Filistinli 6 Direniş Örgütünden Silah Bırakma Çağrısı Yapan BM Konferansına Karşı Ortak Bildiri!

FHKC, Hamas, İslami Cihat, FDKC, FHKC-Genel Komutanlık ve Halk Kurtuluş Savaşı Öncüleri, iki devletli çözüm ve silah bırakma çağrısını içeren BM konferansına karşı ortak bir bildiri yayınladı. Silah ve direnişin hak olduğunun vurgulandığı bildiride, sözde iki devletli çözüme karşı da tam bağımsız Filistin Devleti hedefi savunuldu. Bildirinin sonunda da Filistin halkının dünya halklarının da desteğiyle bağımsızlığına kavuşacağı vurgulandı.
Filistinli gruplar, yakın zamanda New York’ta sona eren Birleşmiş Milletler Yüksek Düzeyli Uluslararası Konferansı’nın çalışmalarını dikkatle takip etmiştir. Bu konferans, halkımızın tarihindeki kritik ve hassas bir aşamada gerçekleşmiştir; zira siyonist işgal, halkımıza ve Gazze Şeridi’ndeki kardeşlerimize karşı soykırım savaşını sürdürmekte ve insanlık tarihinin en vahşi aç bırakma operasyonlarından birini uygulamaktadır.

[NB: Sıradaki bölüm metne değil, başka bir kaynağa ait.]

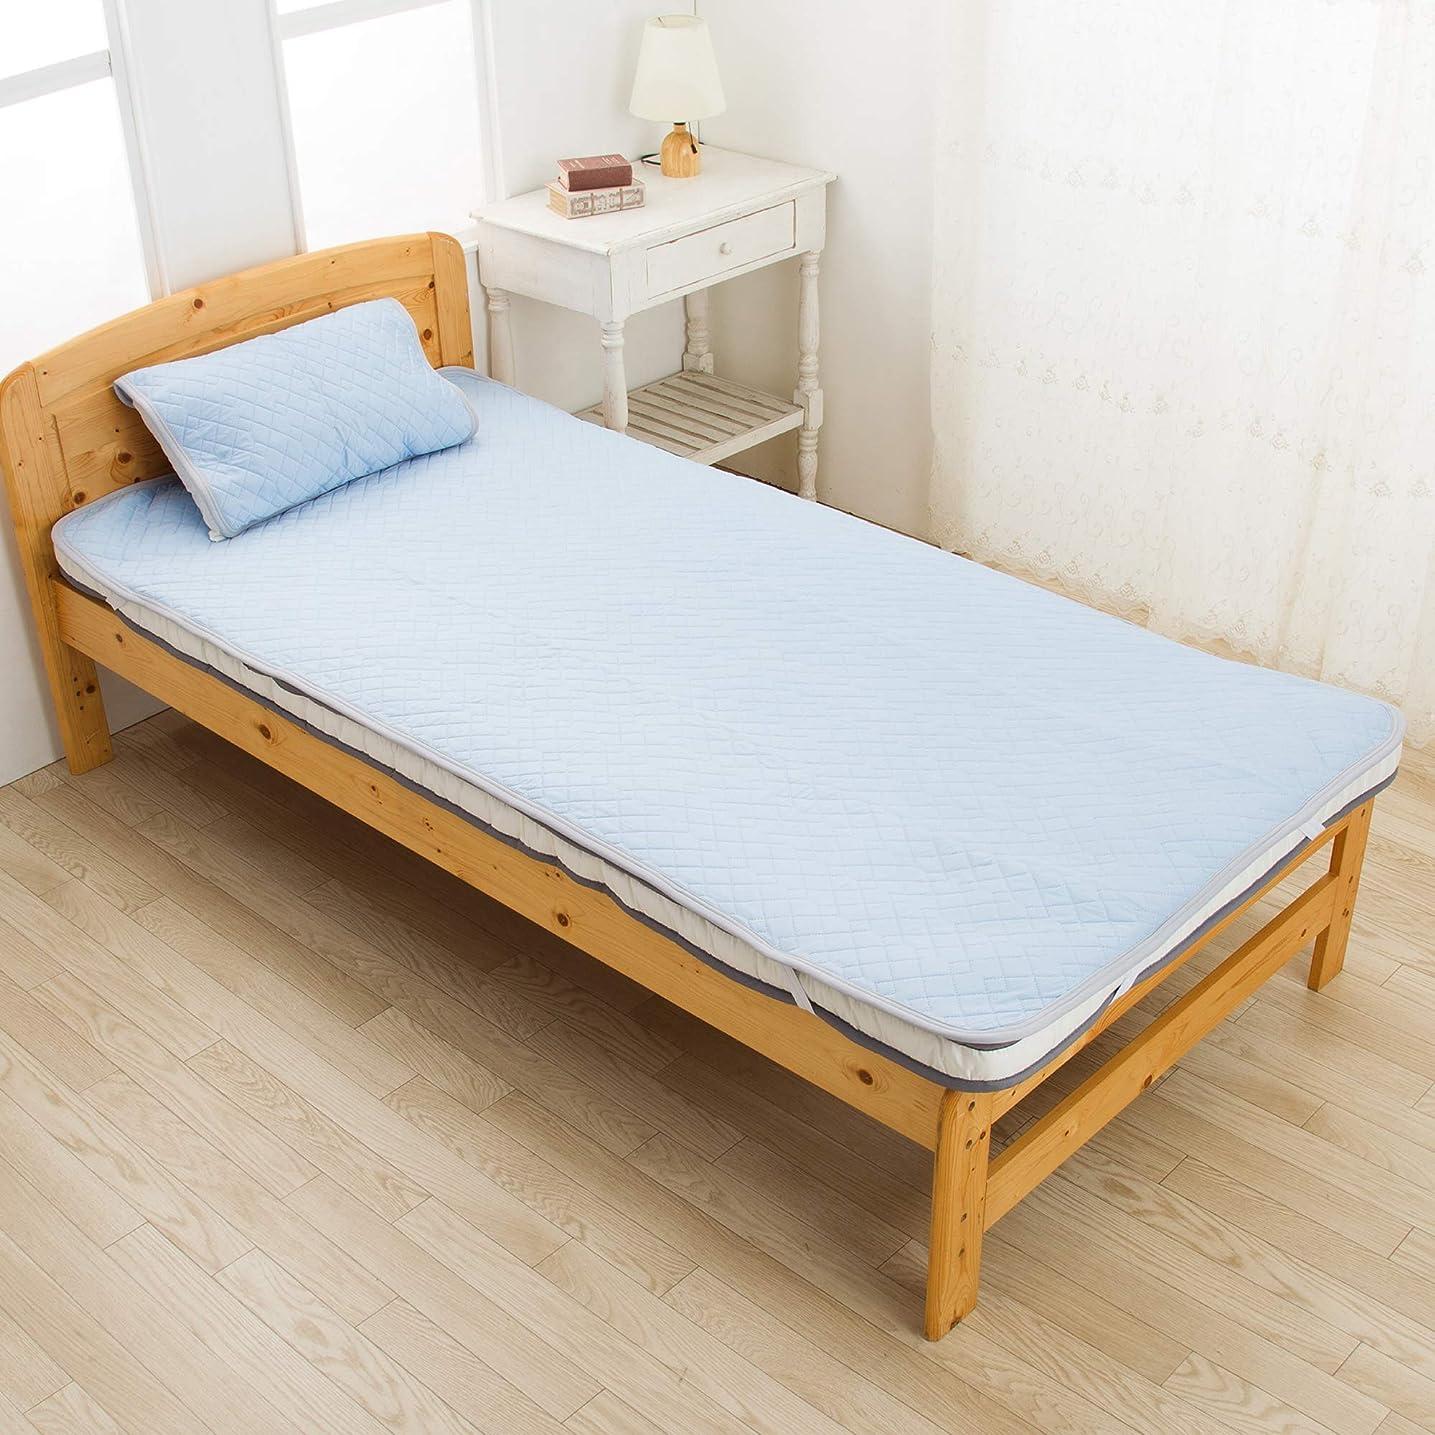 決定否定する約設定東京西川 SEVENDAYS 敷きパッド ブルー シングル 速乾 ダブルメッシュで通気性UP 残暑に PM09001542B

Bu, Uluslararası Ceza Mahkemesi’nin, liderlerini yargılamak üzere mahkemeye çağırdığı bir dönemde, tam bir uluslararası sessizlik ortamında yaşanmaktadır.
Konferans ve onun sonucunda ortaya çıkan siyasi bildiri, Filistin halkının tam egemenliğe sahip bağımsız bir devlet kurma hakkıyla ilgili önemli içerikler taşımaktadır. Bildiriyi dikkatlice okuduğumuzda, şunları teyit ediyoruz:
1. Gazze Şeridi’nde, çağdaş tarihin tanık olduğu en vahşi savaşlardan birini sabır ve sebatla karşılayan Filistin halkımızın destansı direnişini selamlıyoruz. Siyonist işgalin amansızca yürüttüğü soykırım ve sistematik aç bırakma savaşına karşı bu büyük direniş, saldırının hedeflerini başarısız kılan ve halkımızın yaşama ve direnme hakkını pekiştiren temel dayanağı oluşturmaktadır. Ayrıca, Direniş’in eşitsiz bir savaş ve felaket boyutundaki insani koşullar altında halkımızı savunmada ve ulusal iradesini güçlendirmede oynadığı kahramanca rolü takdirler karşılıyoruz.
2. Uluslararası düzeyde halkımıza ve meşru haklarına destek sağlamak için gösterilen her çaba takdir ve memnuniyetle karşılanmaktadır. Bu, 77 yıldır Nakba’dan bu yana halkımızın yaptığı fedakârlıkların ve direnişinin doğal bir sonucudur ve siyonist savaşın yarattığı yıkımın, halkımıza yönelik uluslararası dayanışma çemberini genişletmesinin ve uluslararası topluma artan baskının doğrudan sonucudur. Bu bağlamda halkımız, bağımsız devletine ve tartışılamaz ulusal haklarına yönelik koşulsuz uluslararası tanınma talep etmektedir. Bu, müzakere edilemeyecek veya ertelenemeyecek siyasi bir zorunluluk ve tarihi bir adalettir.
3. Çözüm yolunun ilk adımı, halkımıza karşı yürütülen bu faşist saldırının ve işgal güçlerinin uyguladığı soykırım ve sistematik aç bırakma suçunun durdurulmasıdır. Buna bağlı olarak Filistin direnişi, elindeki esirler konusunu, ateşkes anlaşması bağlamında, işgal güçlerinin Gazze Şeridi’nden tamamen çekilmesi, sınır kapılarının açılması ve derhal yeniden inşa çalışmalarına başlanması koşullarıyla çözmeye hazır olduğunu teyit etmektedir. Gruplar ayrıca, işgalin sona erdirilmesini ve halkımızın başkenti Kudüs olan bağımsız, tam egemen bir devlet kurma özlemlerinin yerine getirilmesini sağlayacak, uluslararası ve Arap himayesinde ciddi bir siyasi yola girilmesi gerektiğini vurgulamaktadır.
4. Gazze’de halkımıza karşı yürütülen soykırım ve aç bırakma savaşını durdurmak, ertelemeye veya pazarlığa konu edilemeyecek insani ve ahlaki bir görevdir. Bu, halkımızın devlete sahip olma hakkı veya esirler meselesinin çözümü gibi herhangi bir siyasi dosyayla ilişkilendirilmeden derhal hayata geçirilmelidir. Halkımızın yaşam hakkı tehlikeye atılmamalıdır.